:: What the task requires ::
Task for the records below: repeat the line containing "House Floor Plan" and every line after it, exactly and with nothing else, but leave out the pictures.
Content starts
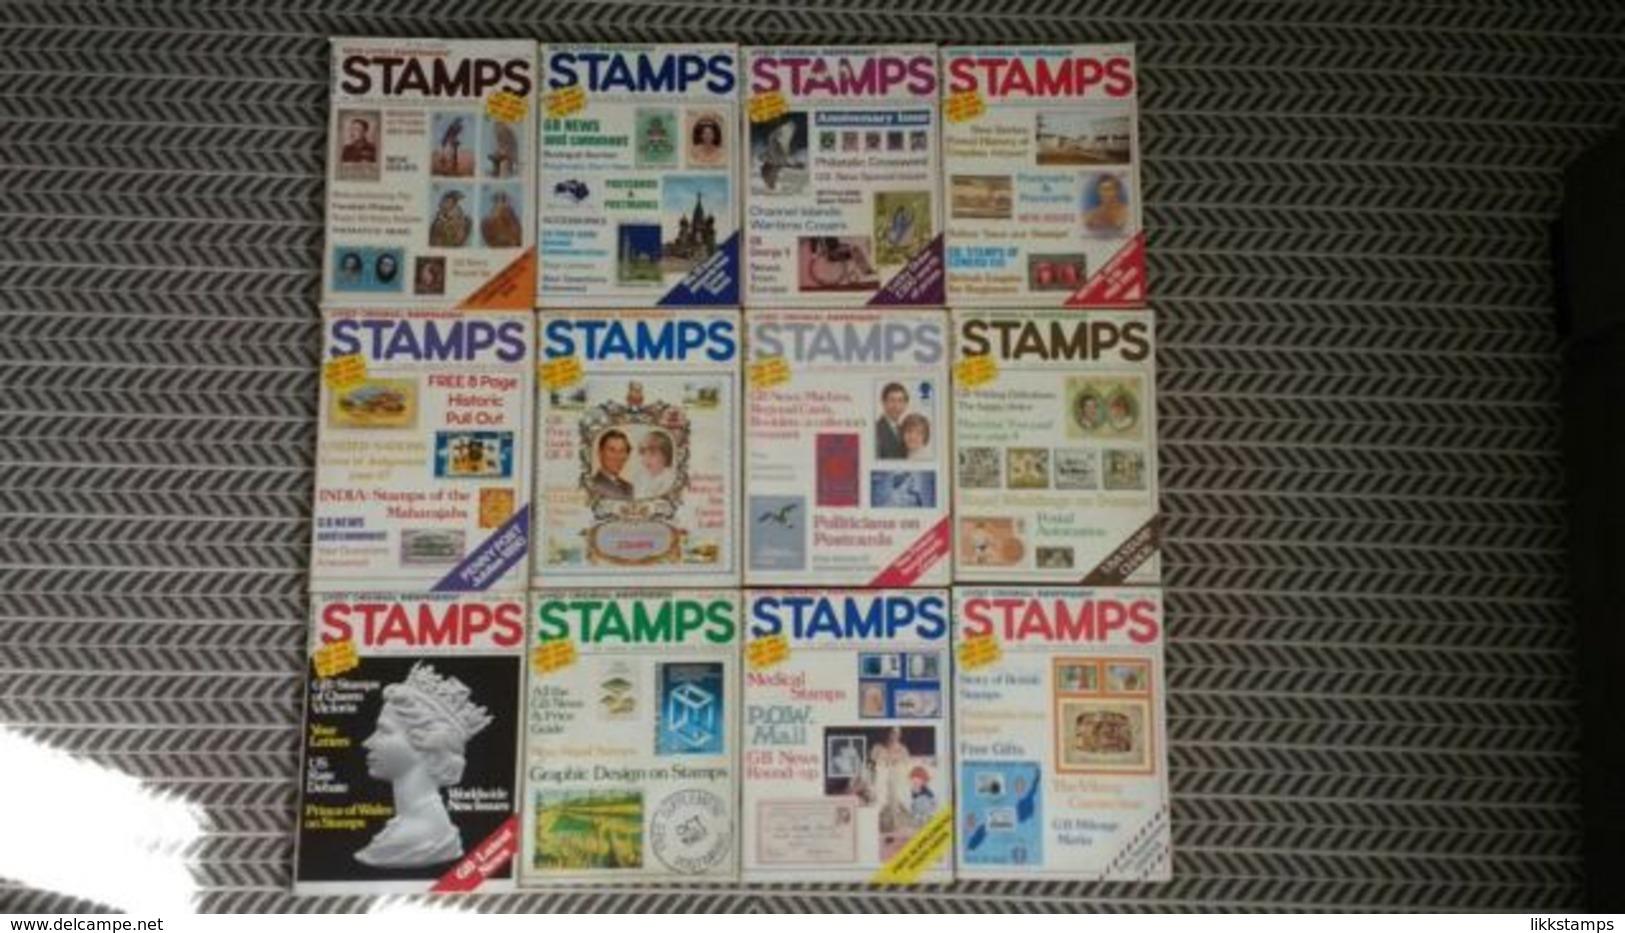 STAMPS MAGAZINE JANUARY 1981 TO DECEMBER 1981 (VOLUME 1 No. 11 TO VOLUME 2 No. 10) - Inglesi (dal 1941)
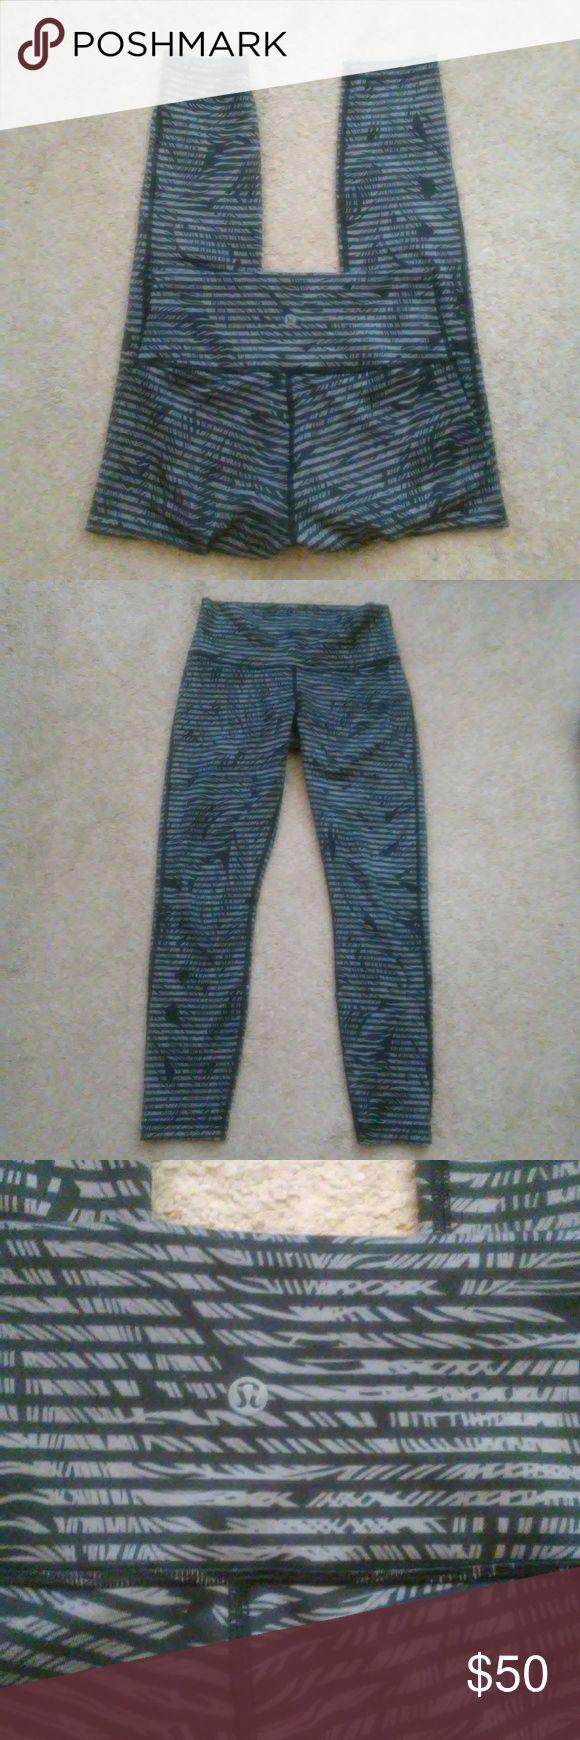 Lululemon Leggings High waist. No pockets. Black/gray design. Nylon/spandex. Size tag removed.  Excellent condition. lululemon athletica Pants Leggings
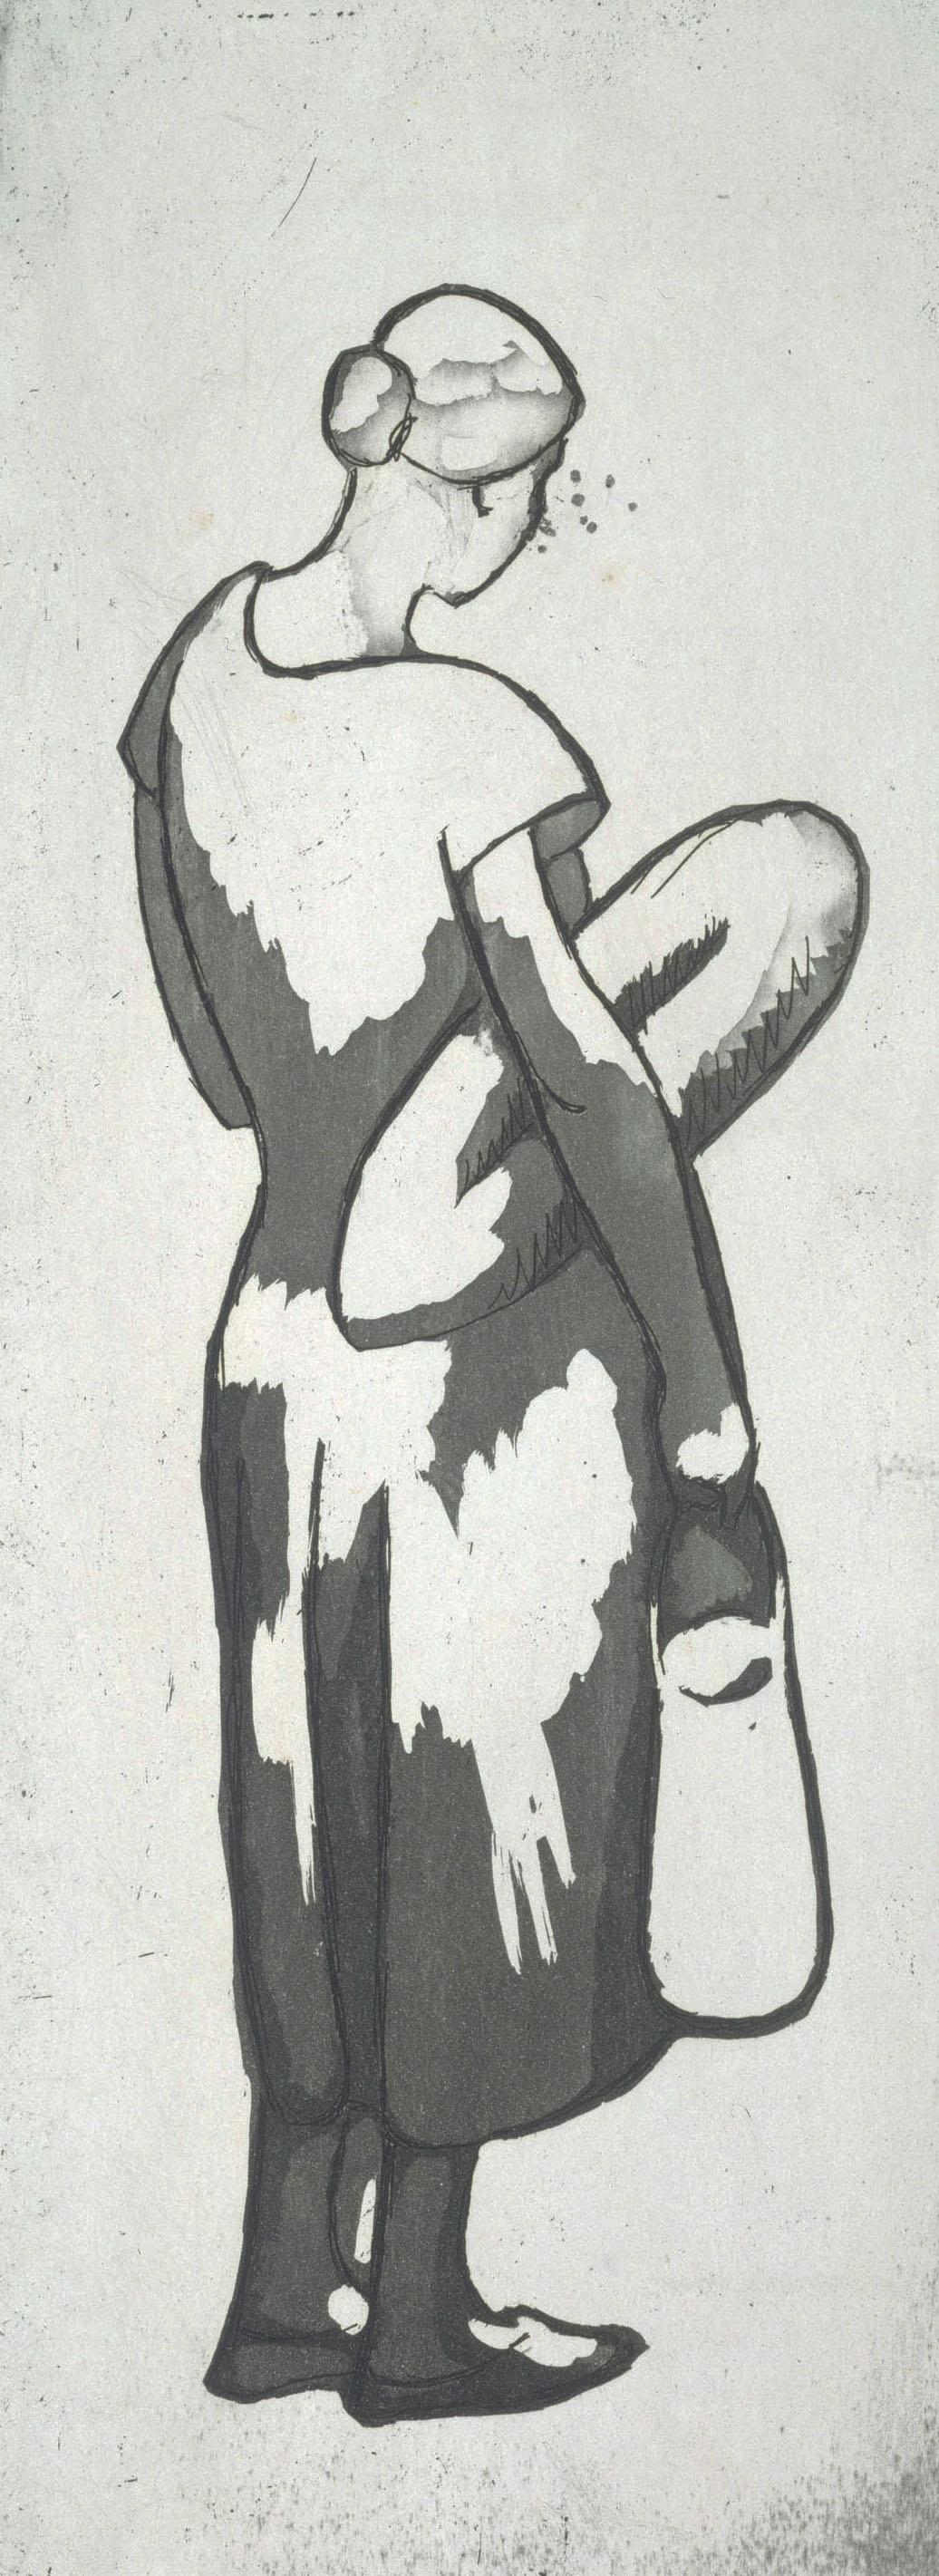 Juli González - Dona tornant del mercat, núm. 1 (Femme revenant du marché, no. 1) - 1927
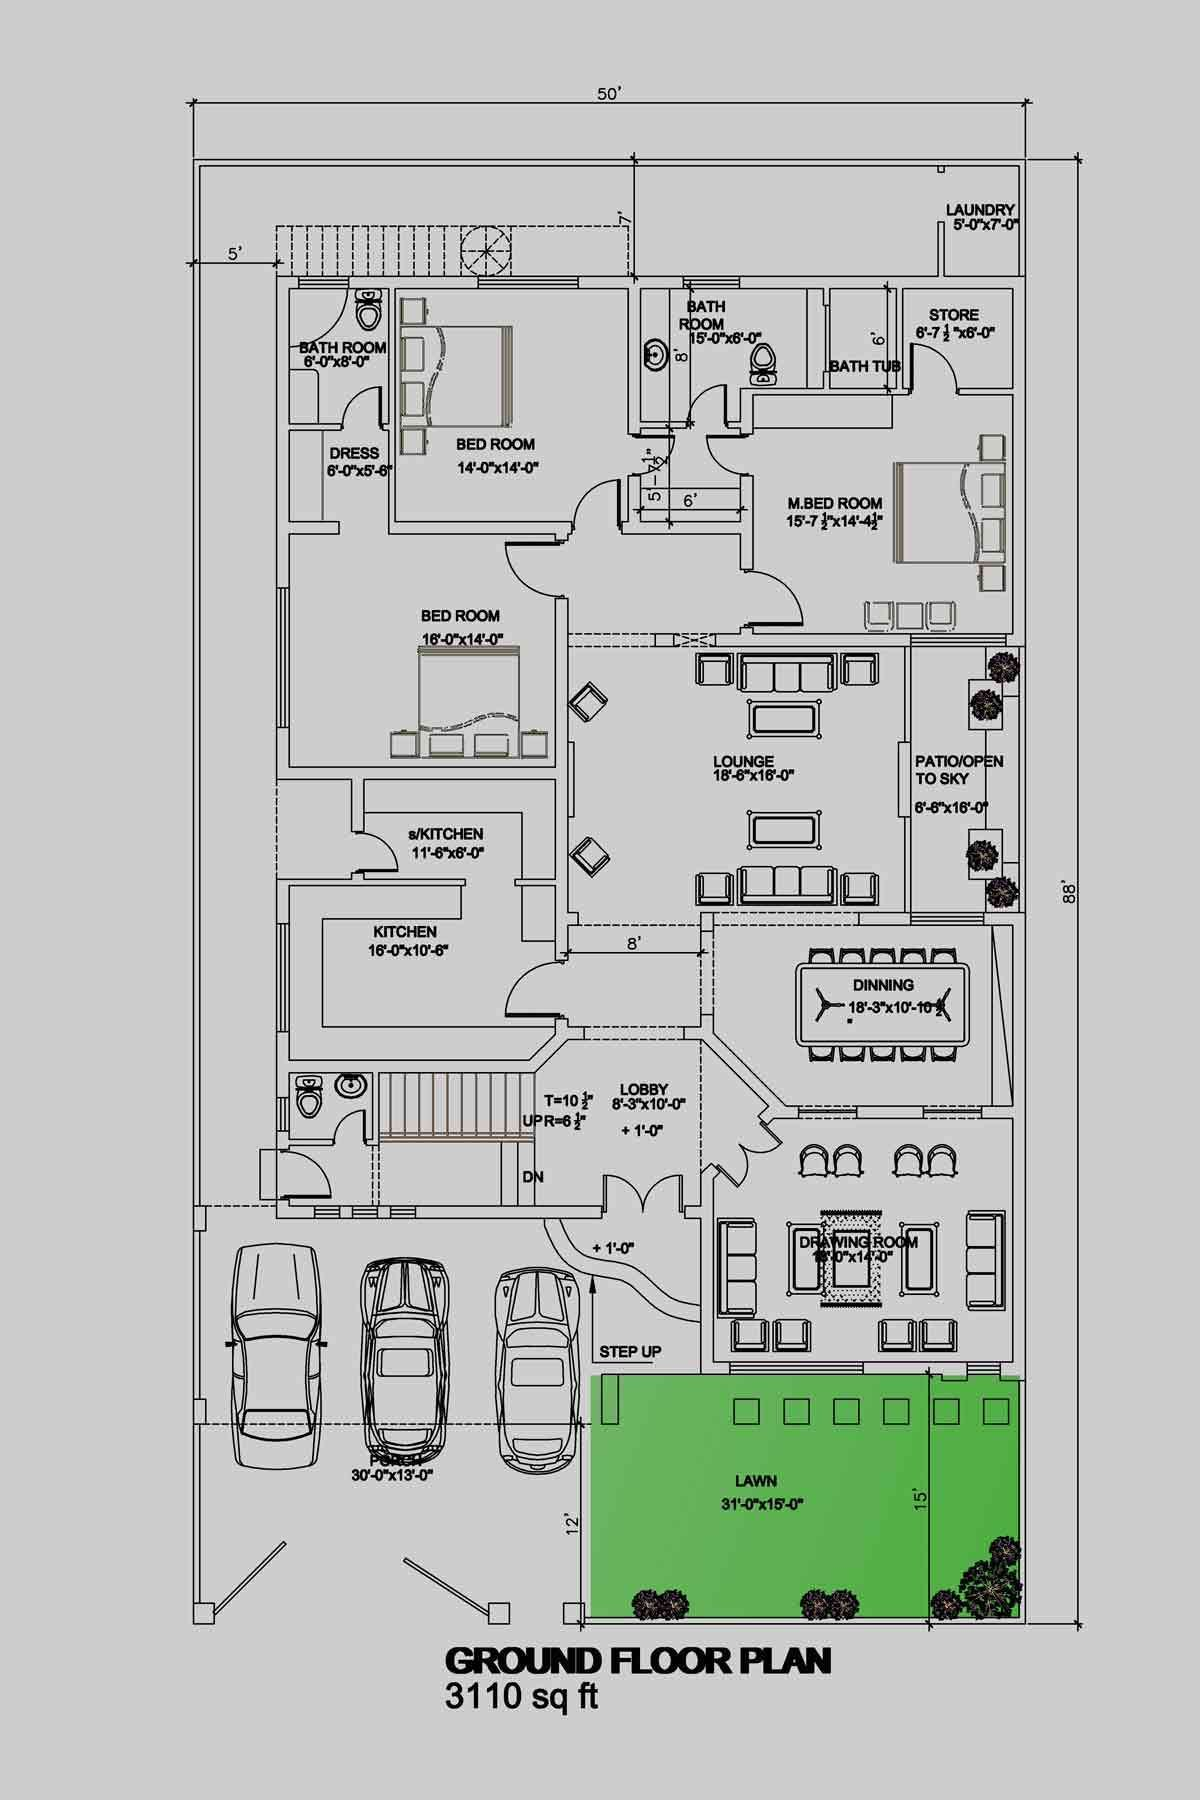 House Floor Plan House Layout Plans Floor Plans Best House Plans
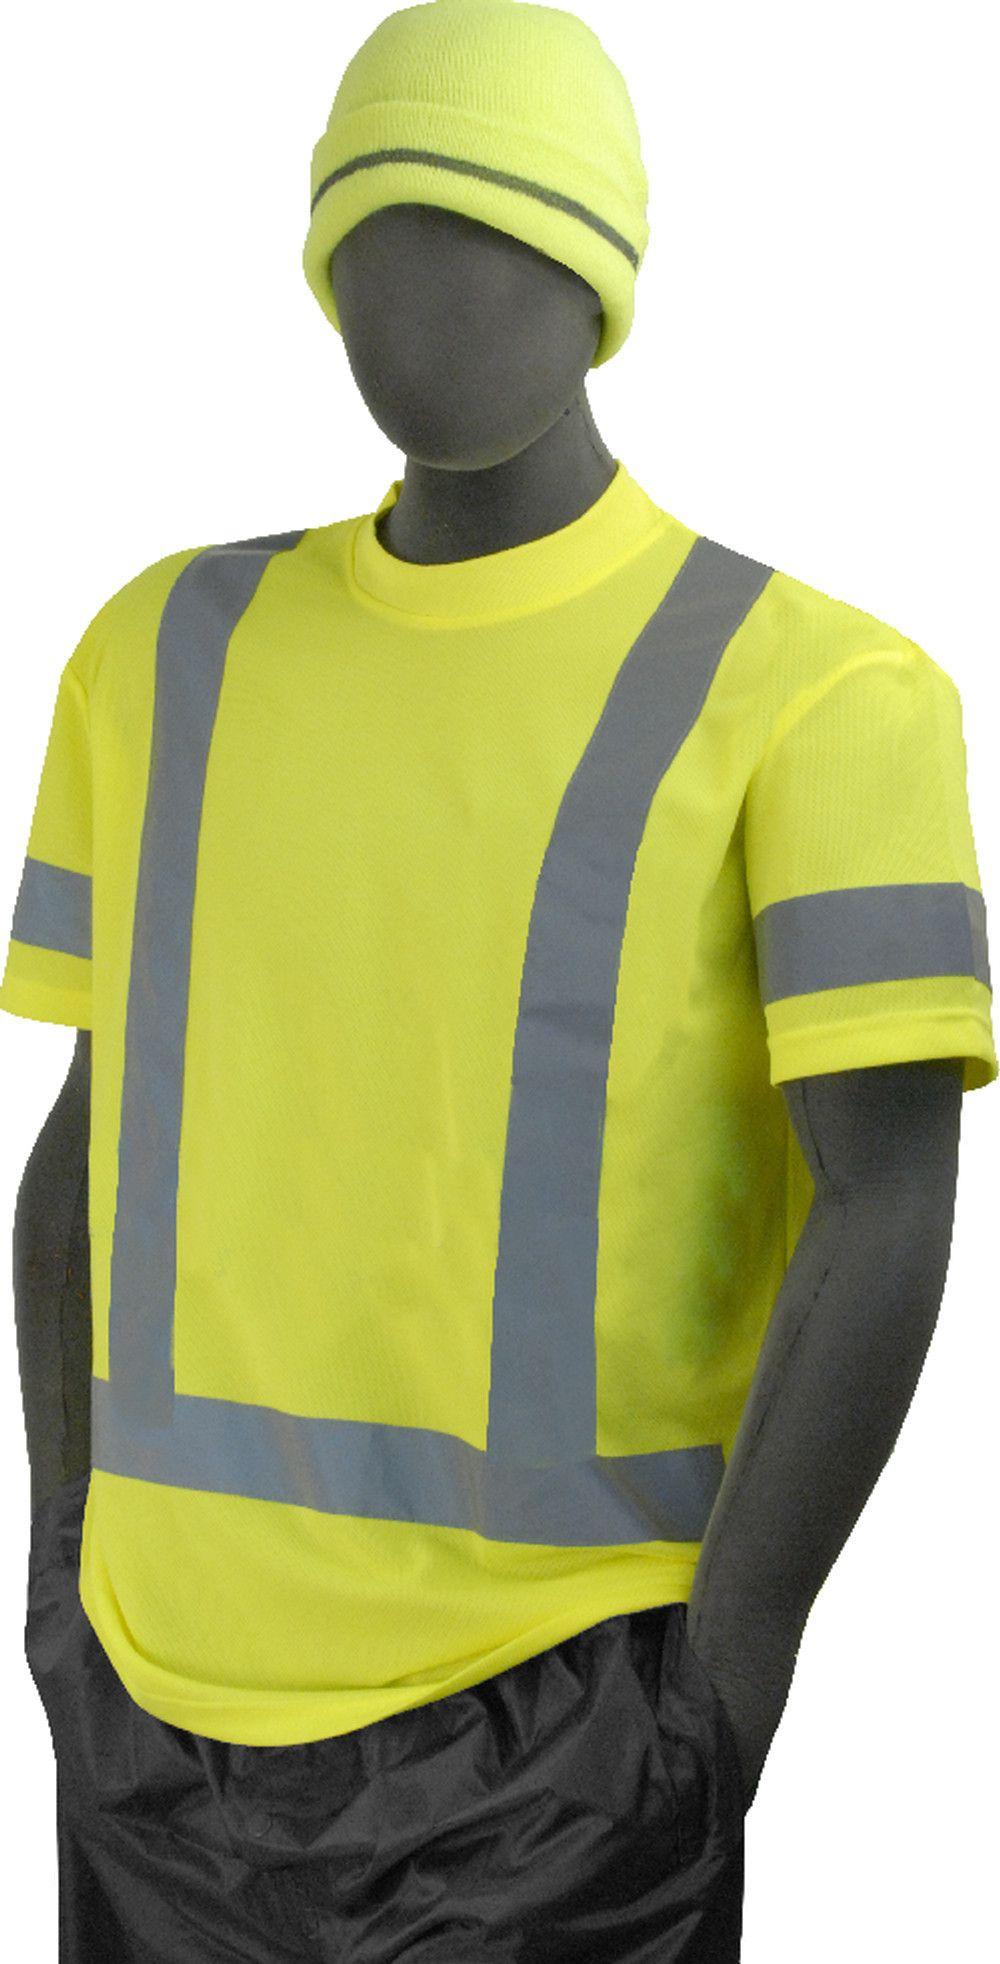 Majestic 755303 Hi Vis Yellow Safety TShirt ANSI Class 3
Content ends
:: Written answer ::
 House Floor Plan House Layout Plans Floor Plans Best House Plans
 Majestic 755303 Hi Vis Yellow Safety TShirt ANSI Class 3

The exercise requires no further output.